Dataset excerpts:
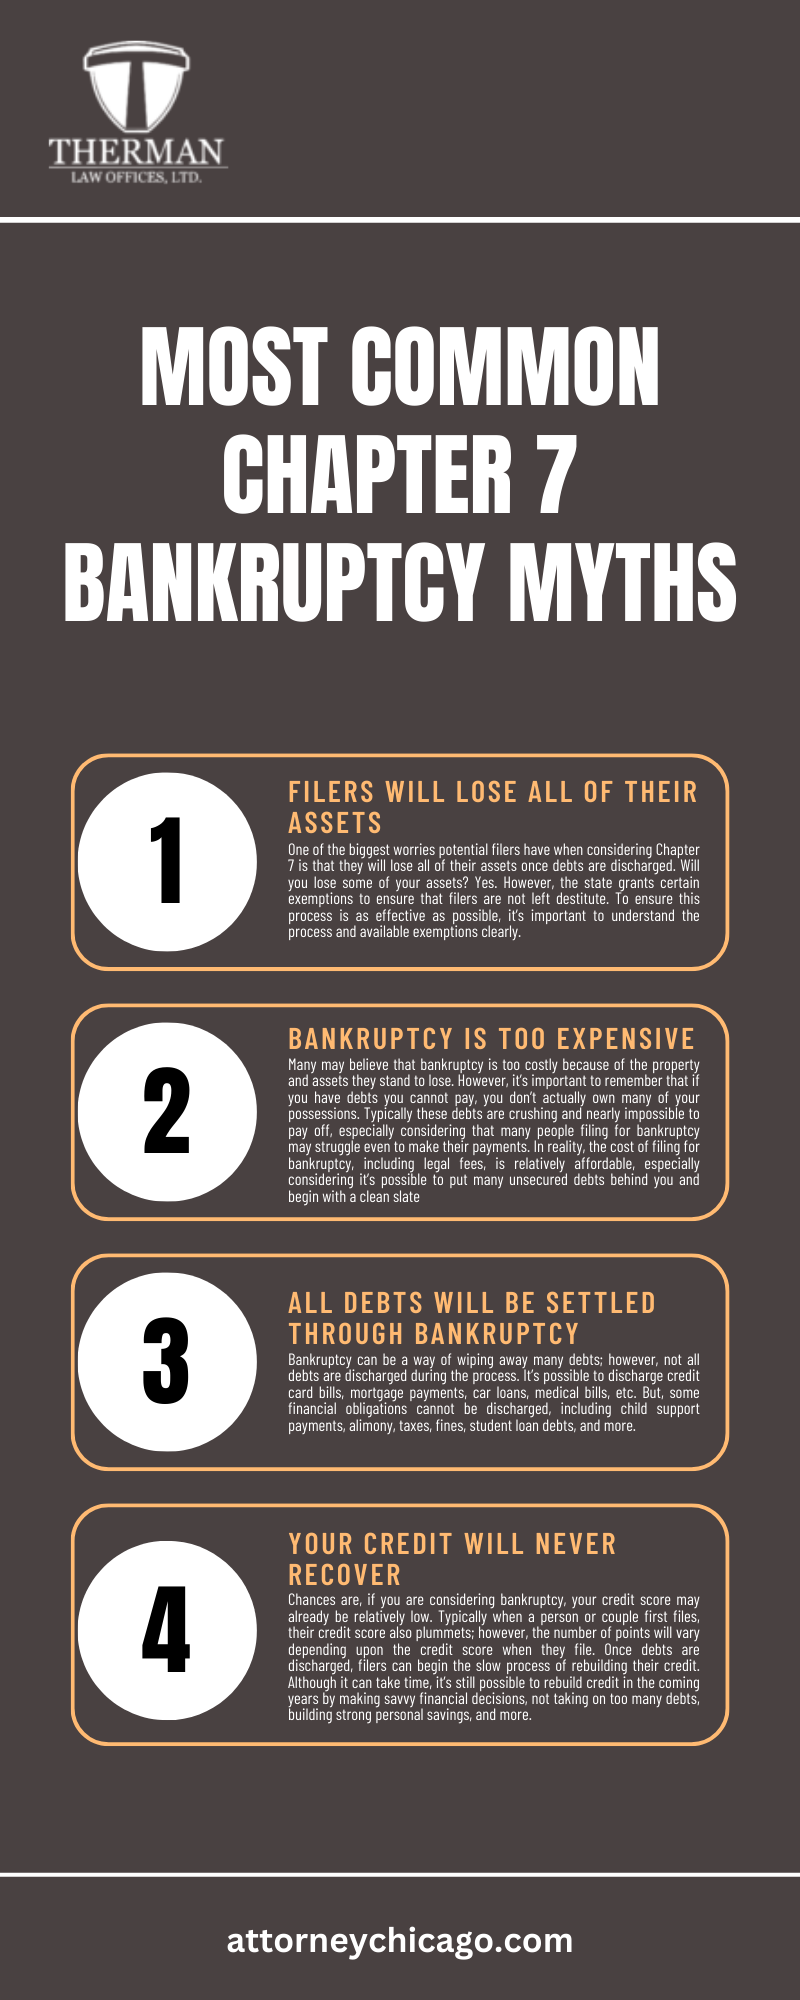 Most Common Chapter 7 Bankruptcy Myths Infographic
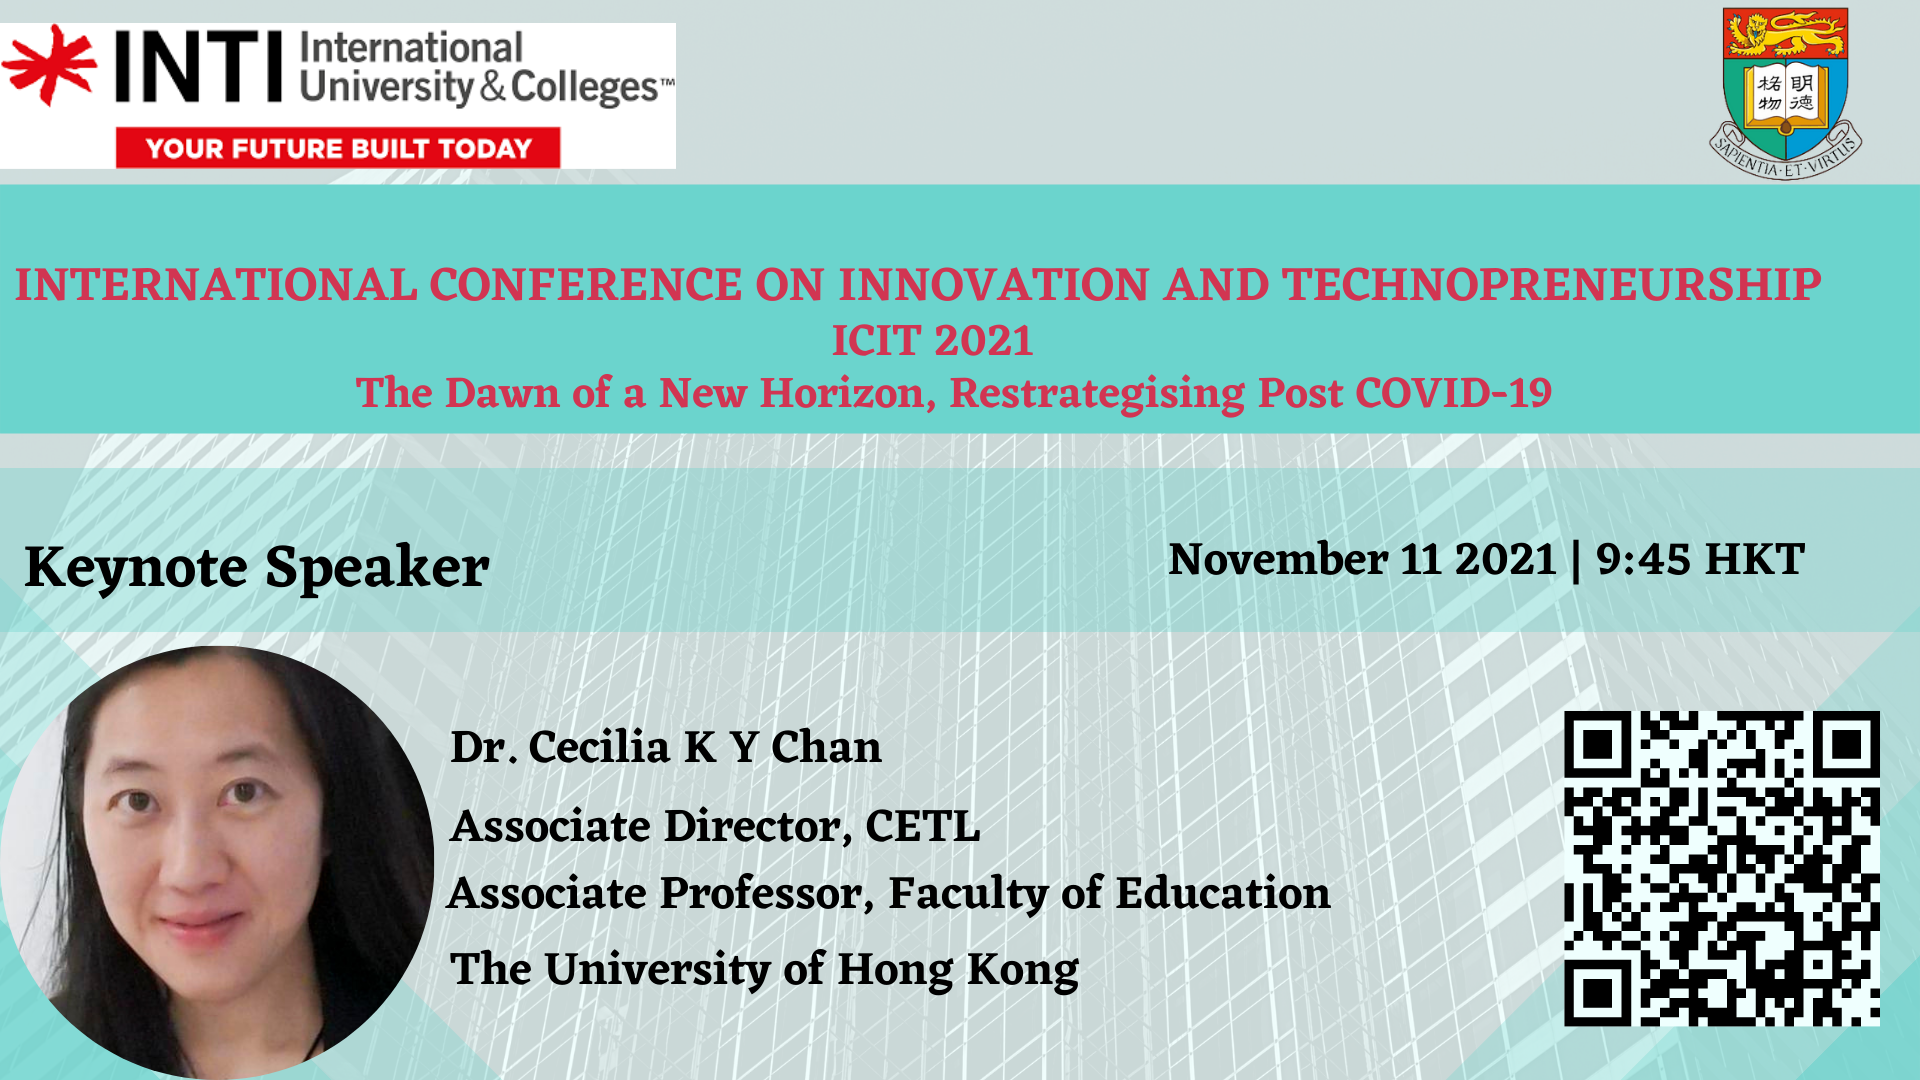 11 November 2021  - Dr. Cecilia Chan has been invited as a Keynote Speaker at ICIT 2021
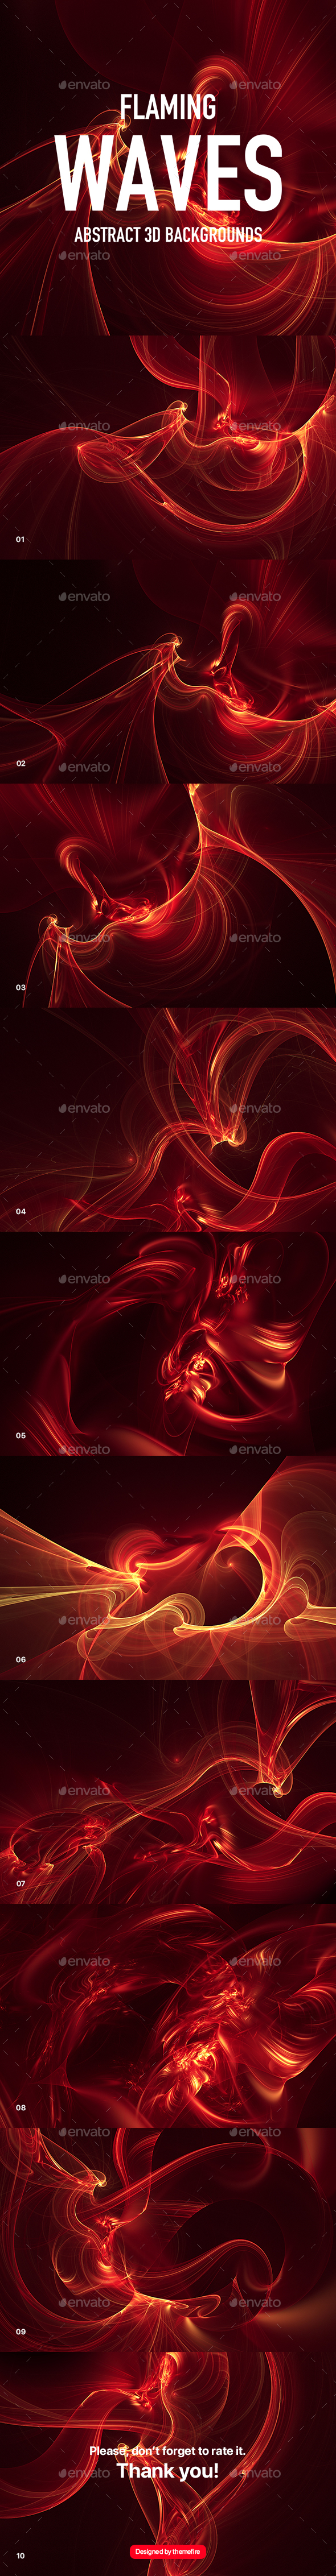 Flaming Waves Backgrounds
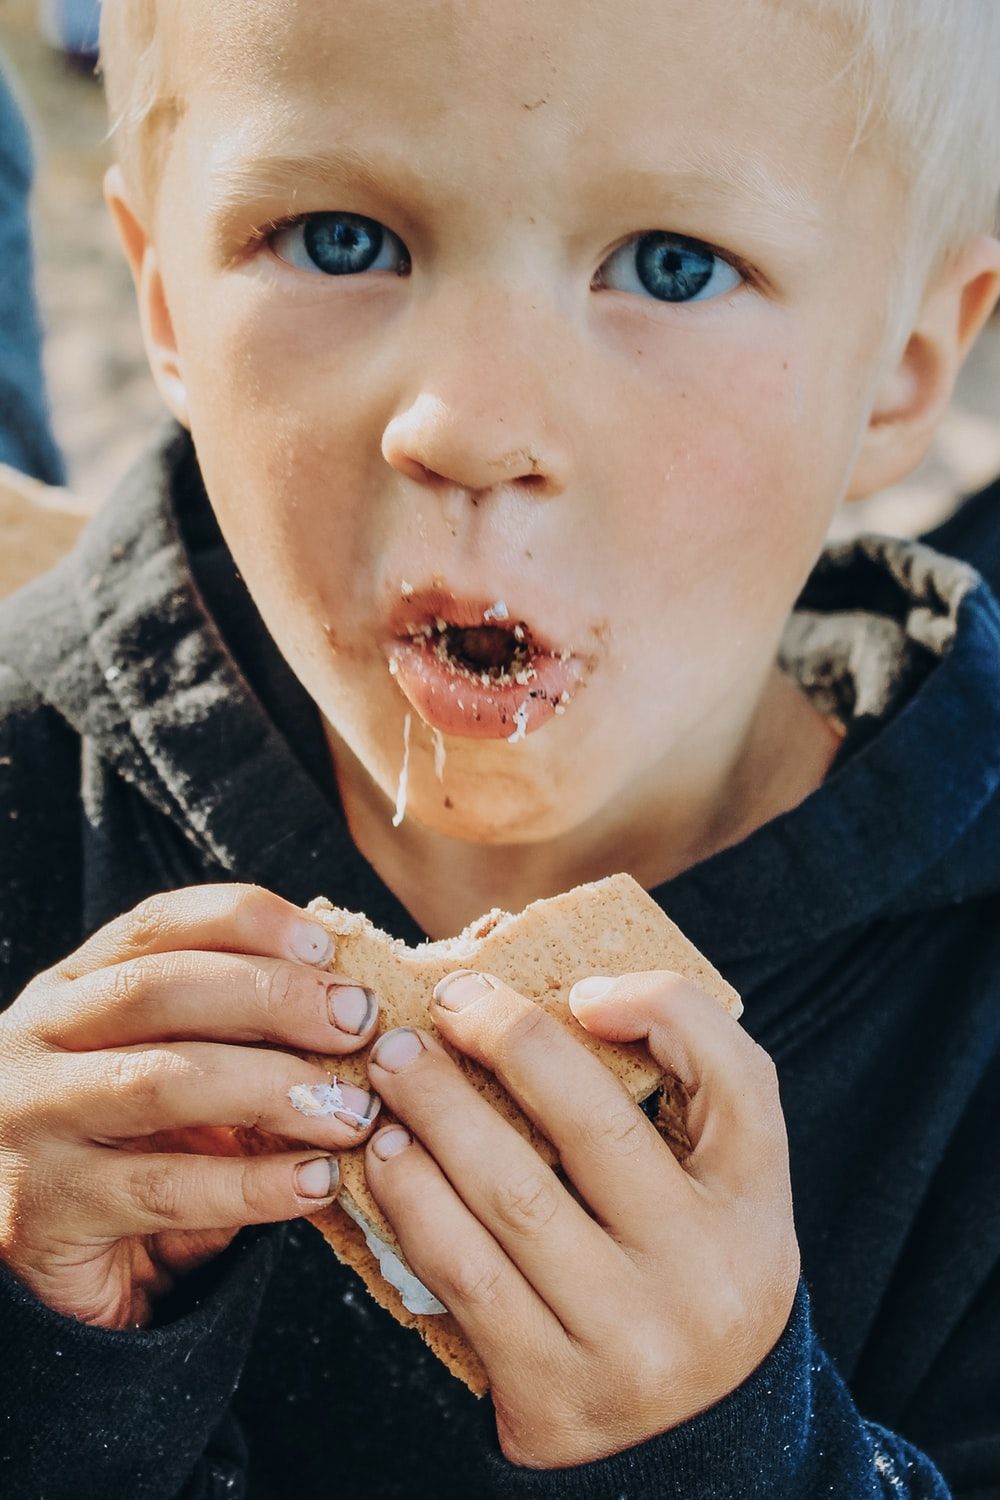 Children Eating Picture. Download Free Image
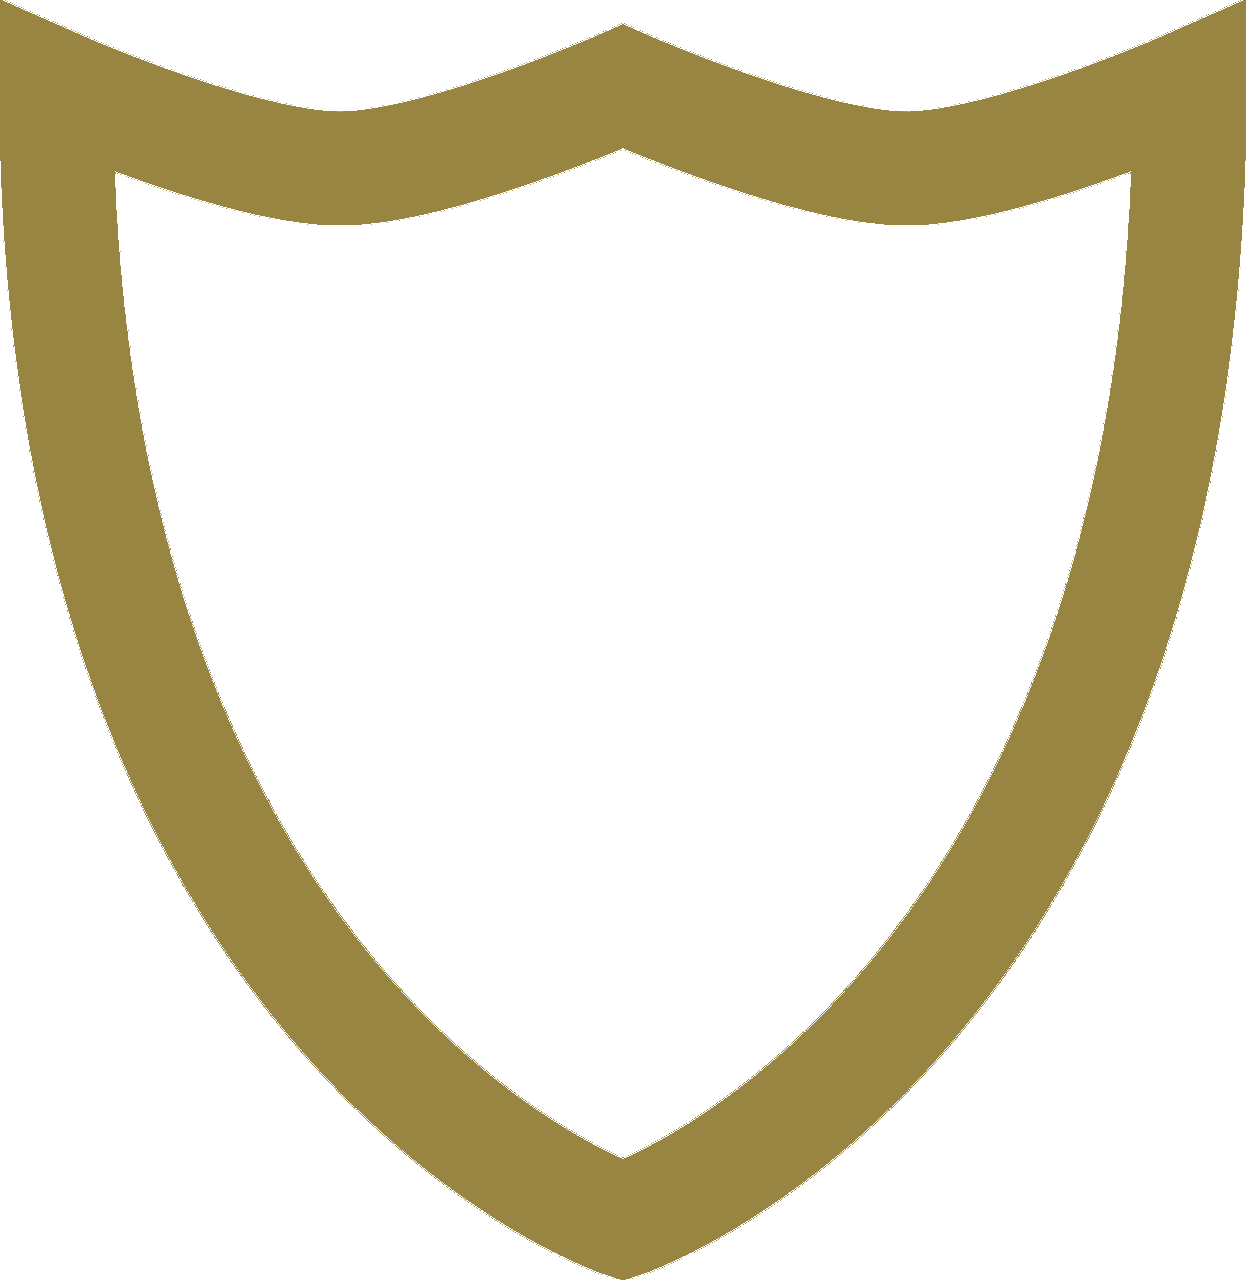 gold outline of a shield signifying secure protection of documents
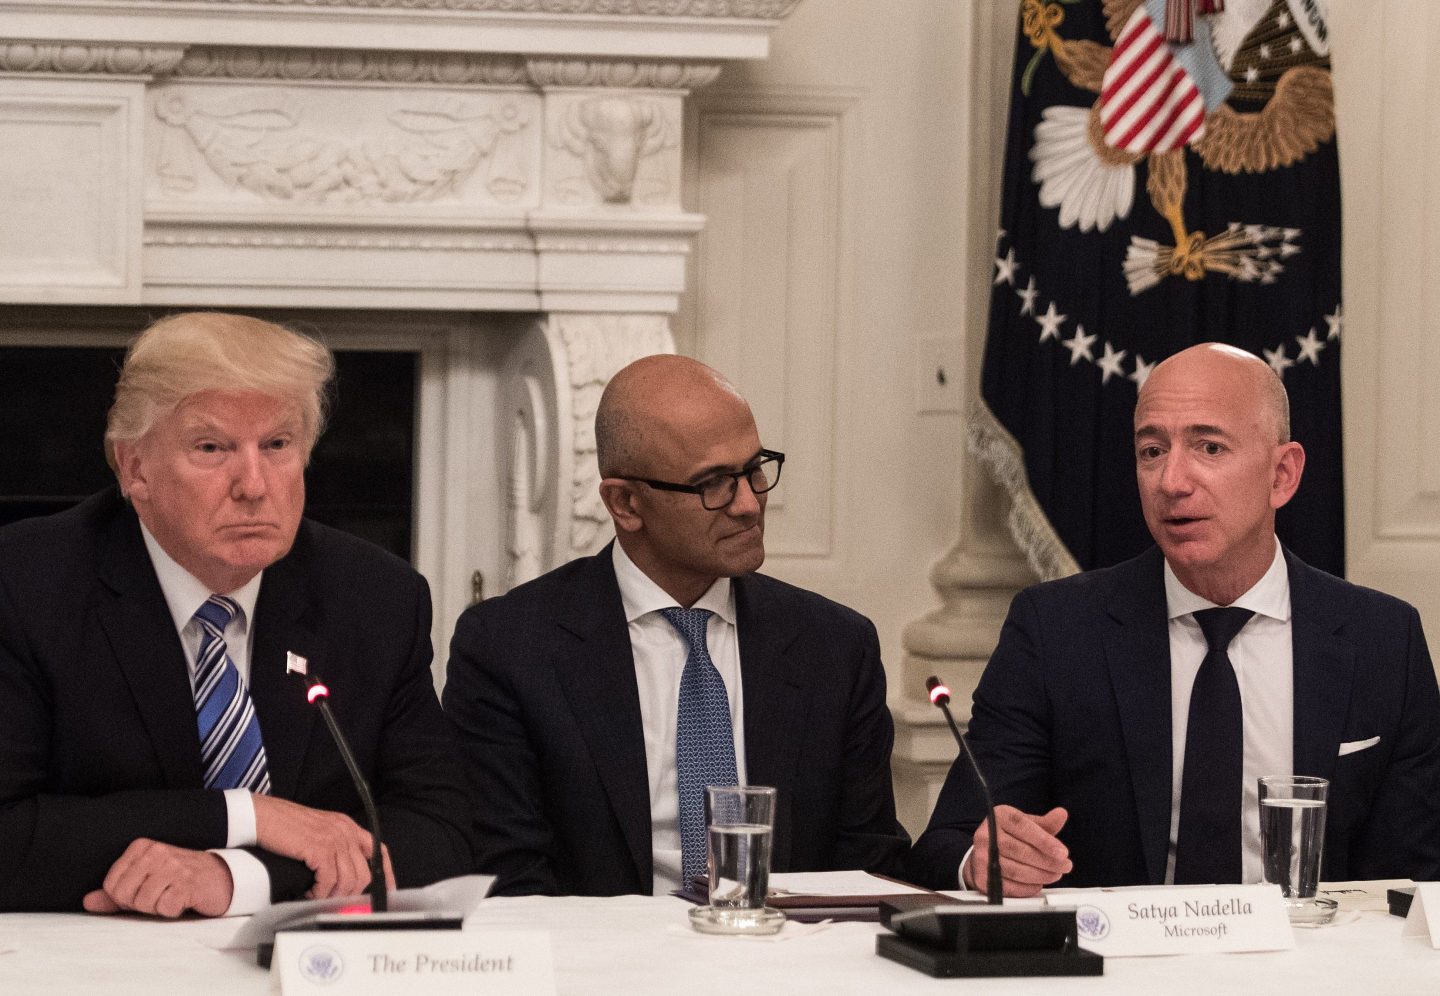 US President Donald Trump (L) and Microsoft CEO Satya Nadella (C) listen to Amazon CEO Jeff Bezos (R) during an American Technology Council roundtable at the White House in Washington, DC, on June 19, 2017. / AFP PHOTO / NICHOLAS KAMM        (Photo credit should read NICHOLAS KAMM/AFP via Getty Images)

EXERCISE DIRECTIONS: Every line above should be transcribed exactly, though no image should be carried over.

ANSWER BELOW:
 Most Common Chapter 7 Bankruptcy Myths Infographic
 11 November 2021  - Dr. Cecilia Chan has been invited as a Keynote Speaker at ICIT 2021
 Flaming Waves Backgrounds
 Children Eating Picture. Download Free Image
 gold outline of a shield signifying secure protection of documents
 US President Donald Trump (L) and Microsoft CEO Satya Nadella (C) listen to Amazon CEO Jeff Bezos (R) during an American Technology Council roundtable at the White House in Washington, DC, on June 19, 2017. / AFP PHOTO / NICHOLAS KAMM        (Photo credit should read NICHOLAS KAMM/AFP via Getty Images)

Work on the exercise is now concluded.